One such source is avaible for free here. BtB's Jeff Zimmerman and his brother have taken the time to download all of the Pitch f/x files into a single SQL dump, and they update it daily. While this is a great resource to have, and I have used it more than a couple of times, several components are missing (namely pitch type) and you have to re-download the file each day for up to date usage.
To avoid doing that, and to get more thorough pitch data, you have to set up Perl Scripts to automatically download the data. Unfortunately, most people are like me and have no idea how to manipulate and run Perl Scripts to do that for you.
The most comprehensive tutorial I found on the matter was written by Mike Fast. However, he wrote it just under 2 years ago, and some of the information may be outdated. Indeed, when I tried to implement his methods, I encountered a slew of problems. So, I thought that we could walk through his tututorial here and try to solve it on our own.
The first step is downloading the data. From Mike:
Whether or not you want to buy the book, the Perl scripts he wrote for the book can be downloaded from the examples section of O’Reilly’s website. Download and uncompress the baseball_hacks_code.zip file. It contains all the scripts from the book, divided by chapter and hack number
That sounds pretty easy so far. Here is a screenshot of what the downloaded file will look like, once you are able to uncompress it and open it:
Next step from Mike:
The first script of interest for XML downloading is hack_28_spider.pl, found in Chapter 3. This script can be used after only a few minor modifications, as follows:
To download the 2007 season starting with April 2, change Line 35 from
$start = timelocal(0,0,0,20,6,105);
to
$start = timelocal(0,0,0,2,3,107);
So, I'm pretty sure that you want to change the first line to (0,0,0,2,4, 107), that must have been a typo on Mike's part. This will start downloading the data from the 2nd of April in 2007. Then:
Similarly, you need to change the end time. Uncomment Line 40 and comment Line 41:
$now = timelocal(0,0,0,$mday - 1,$mon,$year);
#$now = timelocal(0,0,0,3,10,105);
This is where I run into trouble. Being a complete and udder idiot when it comes to computer programming, I have no idea what "comment" and "uncomment" mean. This is the step where you specify the end date from which you want to download the data, so it is obviously very important. Assuming that someone will be able to fill me in on this later, let's proceed to the next step.
Mike:
Another change is to correct for the fact that MLB now puts player information in an XML file rather than a TXT file.

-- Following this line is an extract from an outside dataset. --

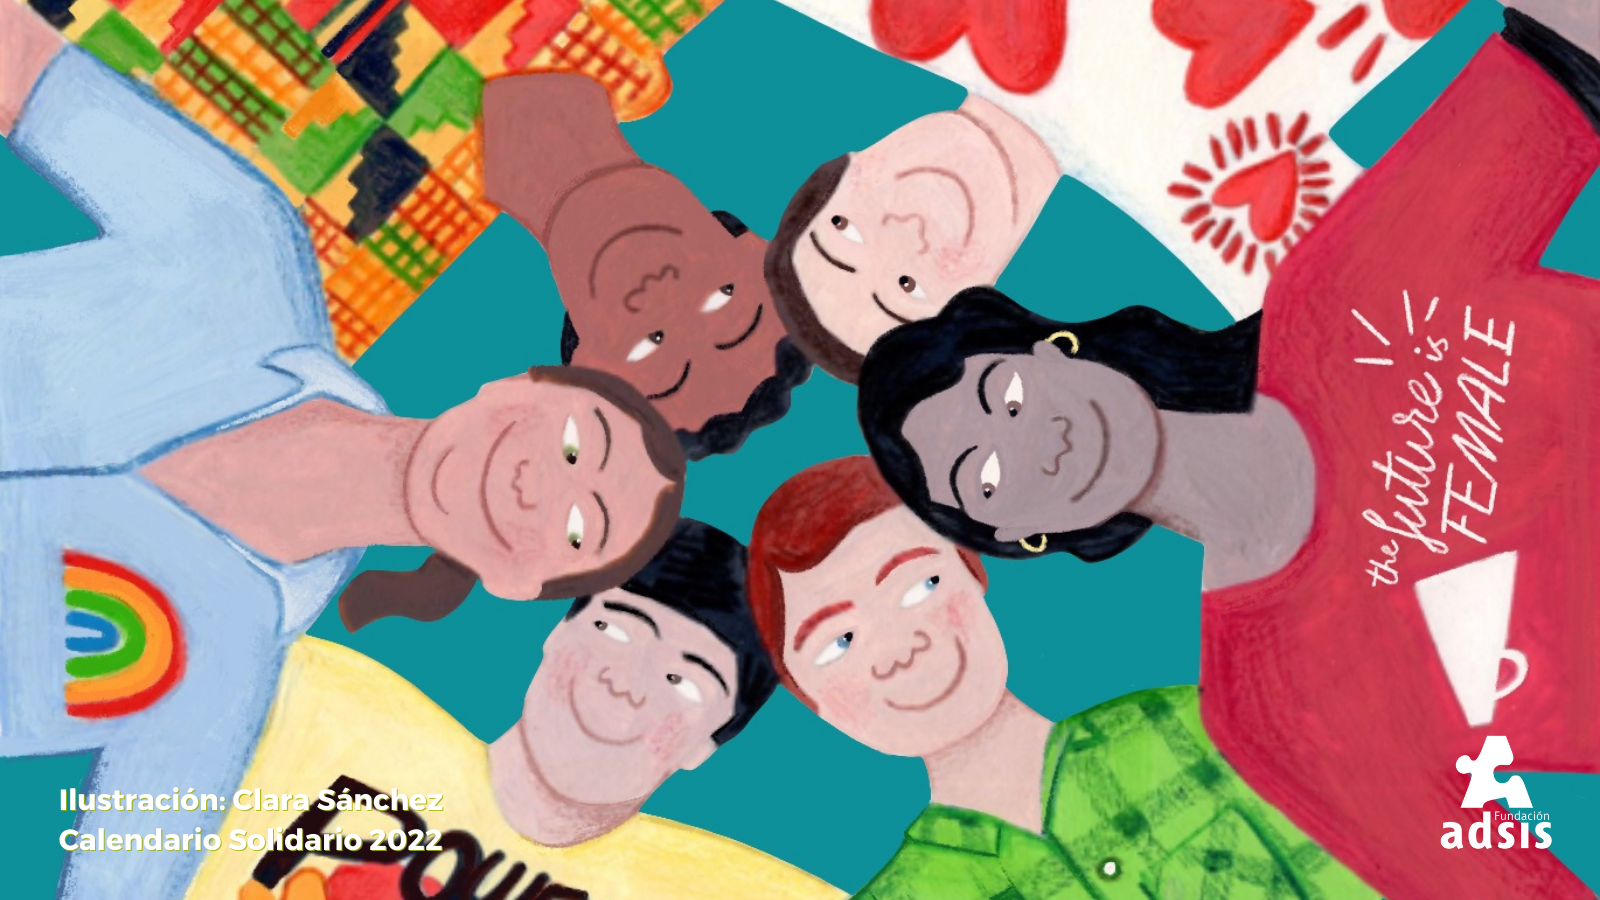 Ilustración donde se ven las caras de diversas personas unidas en círculo

Change the players.txt in Lines 95, 96, 101, and 102 to players.xml:
from
if($gamehtml =~ m/<a href=\"players\.txt\"/ ) {
to
$plyrurl = "$dayurl/$game/players.txt";
$response = $browser->get($plyrurl);
die "Couldn't get $plyrurl: ", $response->status_line, "\n"
unless $response->is_success;
$plyrhtml = $response->content;
open PLYRS, ">$gamedir/players.txt"
or die "could not open file $gamedir/players.txt: $|\n";
if($gamehtml =~ m/<a href=\"players\.xml\"/ ) {
$plyrurl = "$dayurl/$game/players.xml";
$response = $browser->get($plyrurl);
die "Couldn't get $plyrurl: ", $response->status_line, "\n"
unless $response->is_success;
$plyrhtml = $response->content;
open PLYRS, ">$gamedir/players.xml"
or die "could not open file $gamedir/players.xml: $|\n";UPDATE:The spider needs to be changed to download the game.xml file. Since the game.xml file is in the same directory as the boxscore.xml file, you can duplicate that section of the code and change "boxscore" to "game", like so:
if($gamehtml =~ m/<a>get($gameurl);
die "Couldn’t get $gameurl: ", $response->status_line, "\n"
unless $response->is_success;
$infohtml = $response->content;
open GAME, ">$gamedir/game.xml"
or die "could not open file $gamedir/game.xml: $|\n";
print GAME $infohtml;
close GAME;
} else {
print "warning: no xml game file for $game\n";
}
Sounds simple enough, you should all be able to do this. If it isn't clear, this is on the same text file that you are editing the start and end dates in, which looks something like this:
The picture is for reference only, and doesn't depict the actual changes you should make. As long as you followed the first two steps shown above, it should be pretty simple.
After you've changed the txt files to xml files, the next step is to download Perl and run the script. From Mike:
Before you can run it, though, you need to have Perl installed on your computer. You can download the Perl binaries and package manager for ActivePerl here.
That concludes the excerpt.